+++ EXCERPTED RECORDS +++
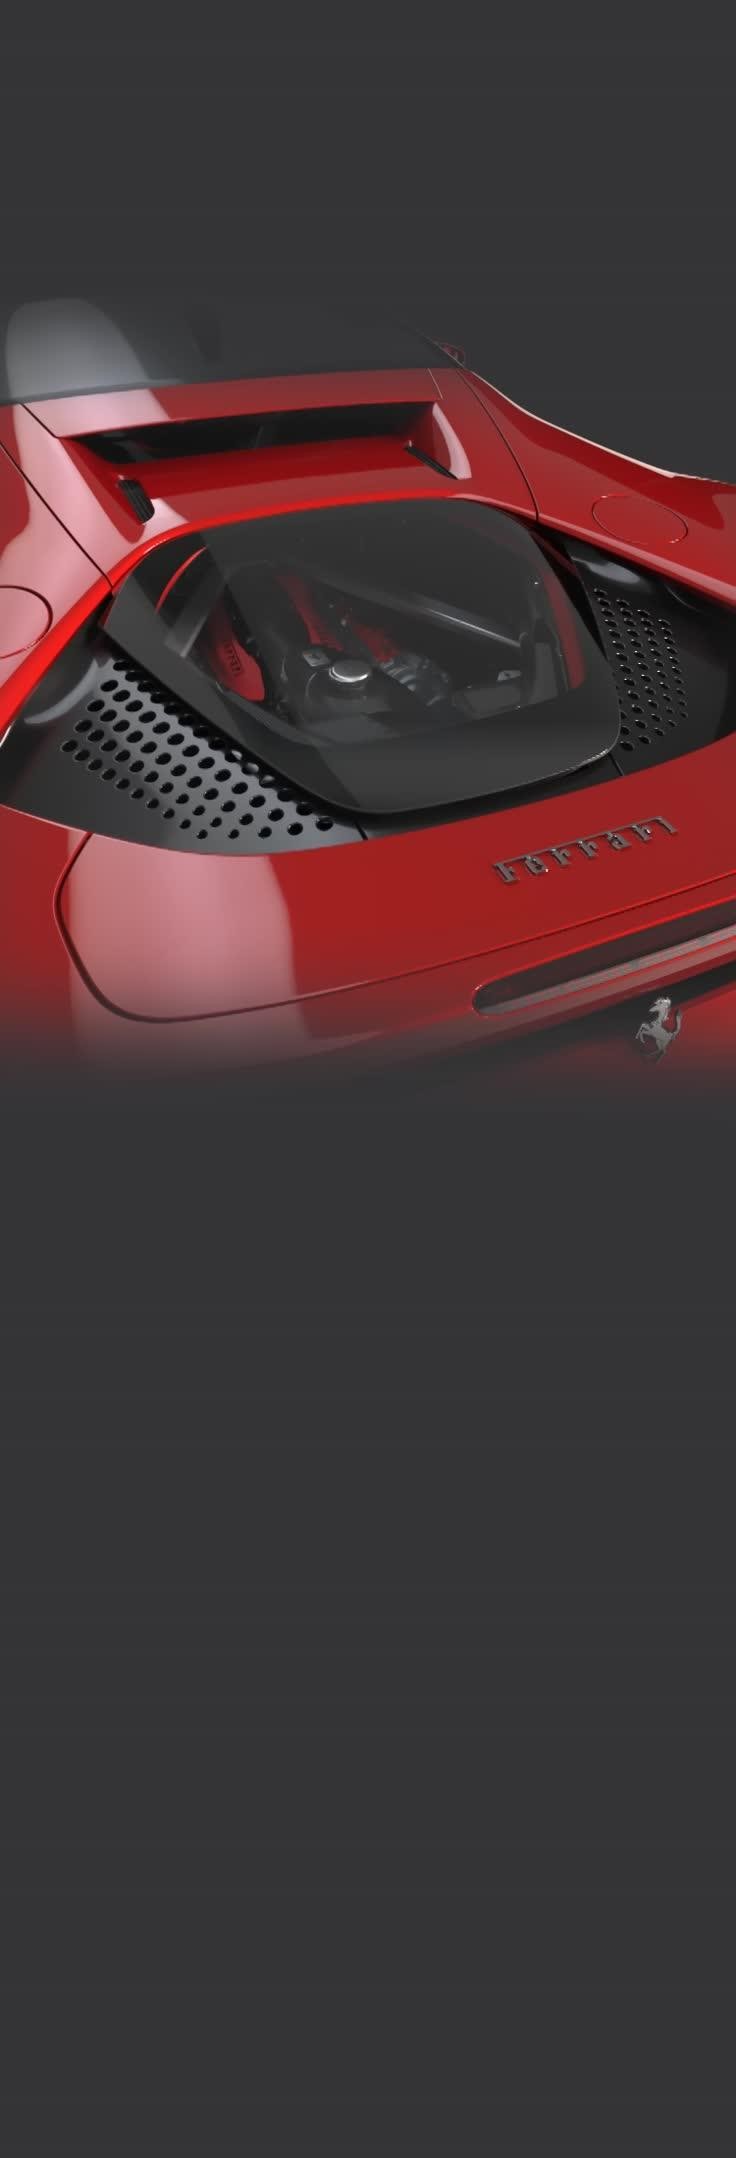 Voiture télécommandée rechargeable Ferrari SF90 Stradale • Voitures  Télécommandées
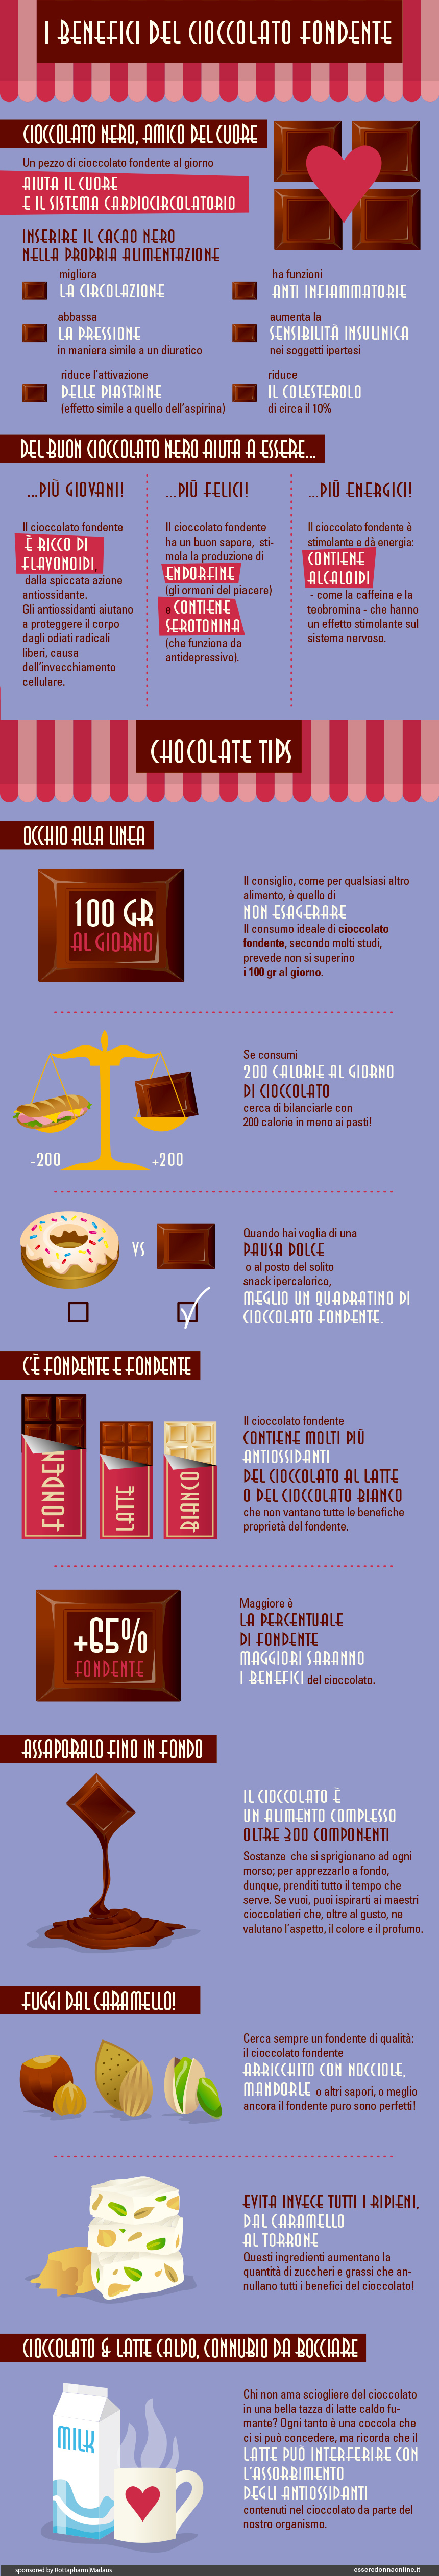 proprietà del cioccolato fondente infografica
+++
+++ EXCERPTED RECORDS +++
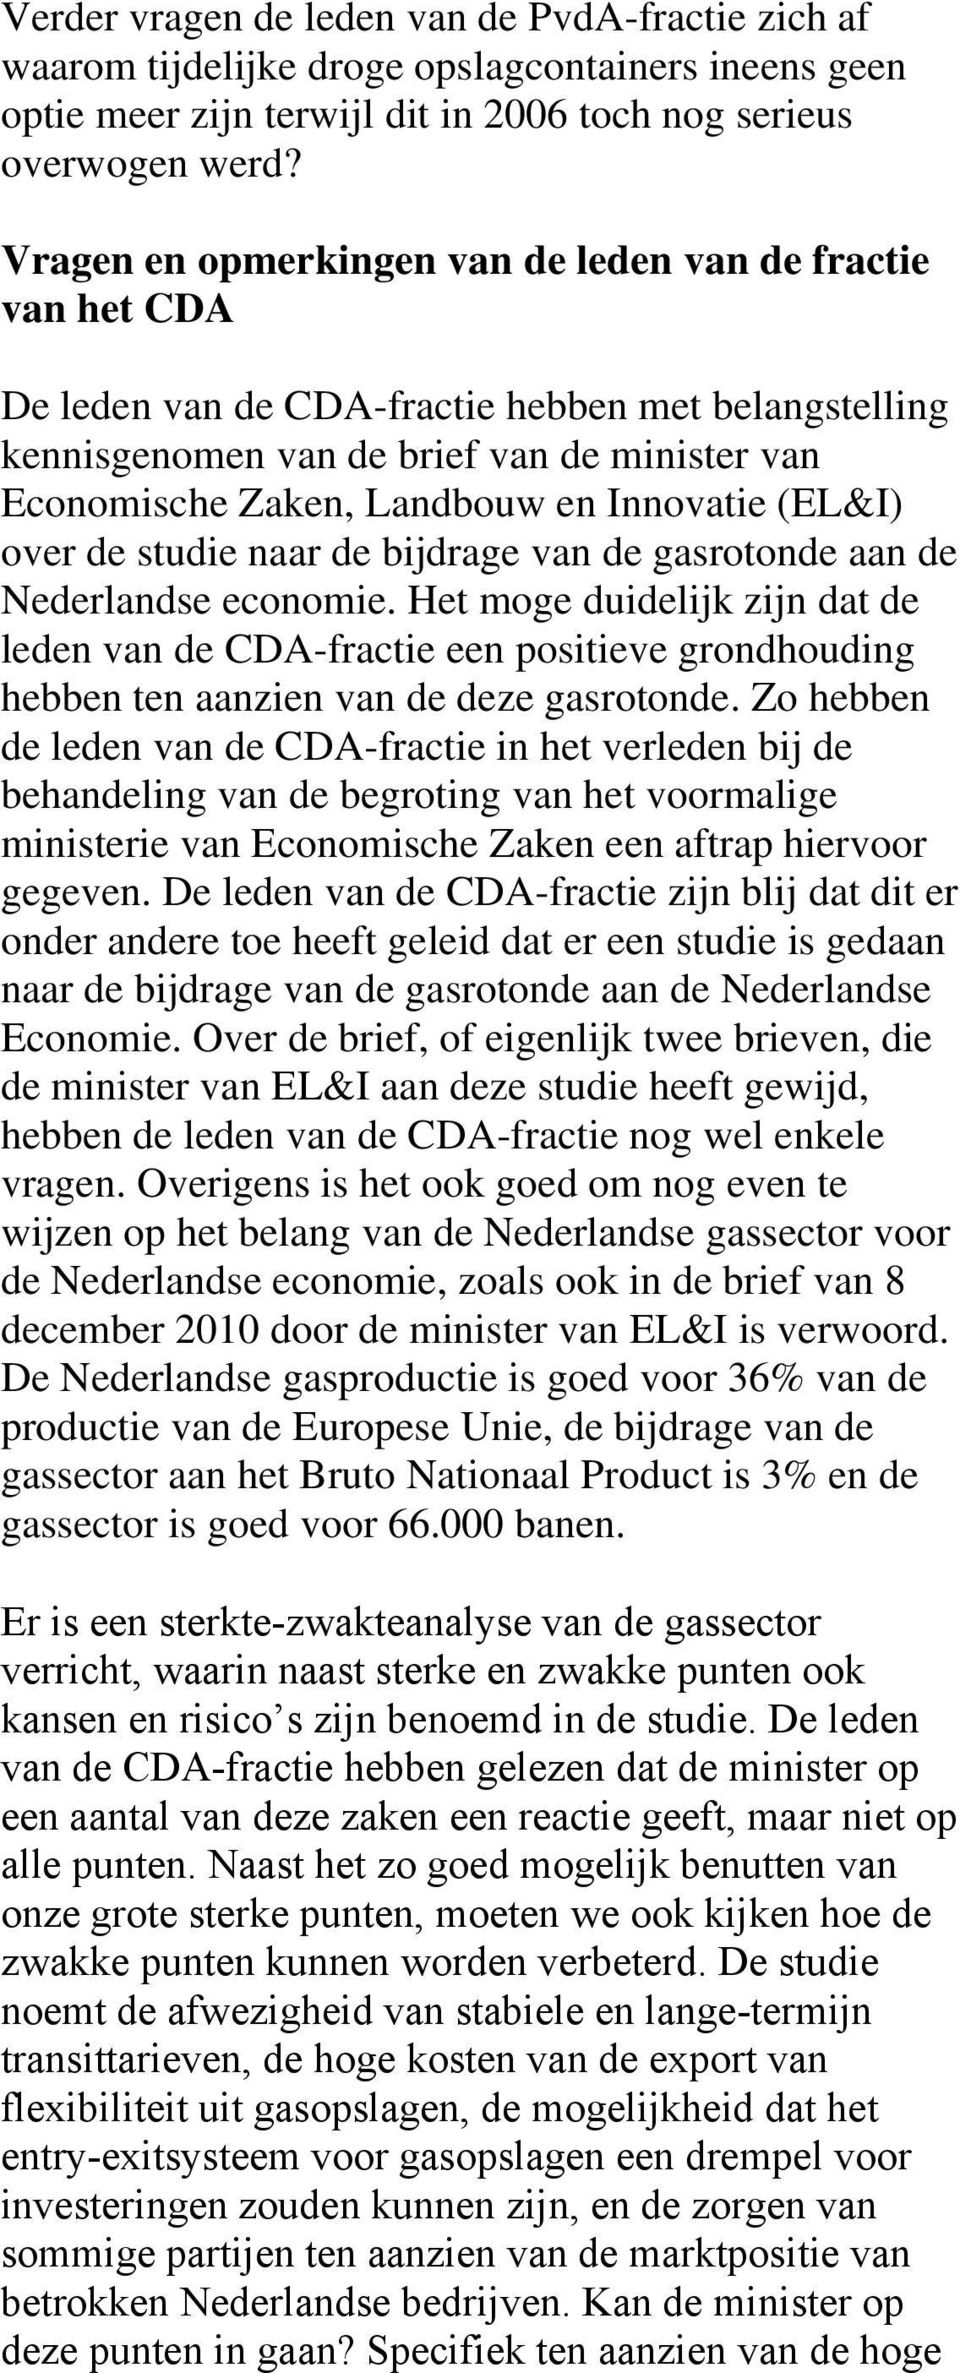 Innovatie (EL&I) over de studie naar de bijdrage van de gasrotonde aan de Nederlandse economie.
+++
+++ EXCERPTED RECORDS +++
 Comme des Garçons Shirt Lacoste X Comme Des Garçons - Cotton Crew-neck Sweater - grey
+++
# [TO DO]
Pictures aside, return exactly the lines from the data above, starting at the line that has "Voiture télécommandée rechargeable" and ending at the line that has "proprietà del cioccolato", both included.

# [RESPONSE]
 Voiture télécommandée rechargeable Ferrari SF90 Stradale • Voitures  Télécommandées
 proprietà del cioccolato fondente infografica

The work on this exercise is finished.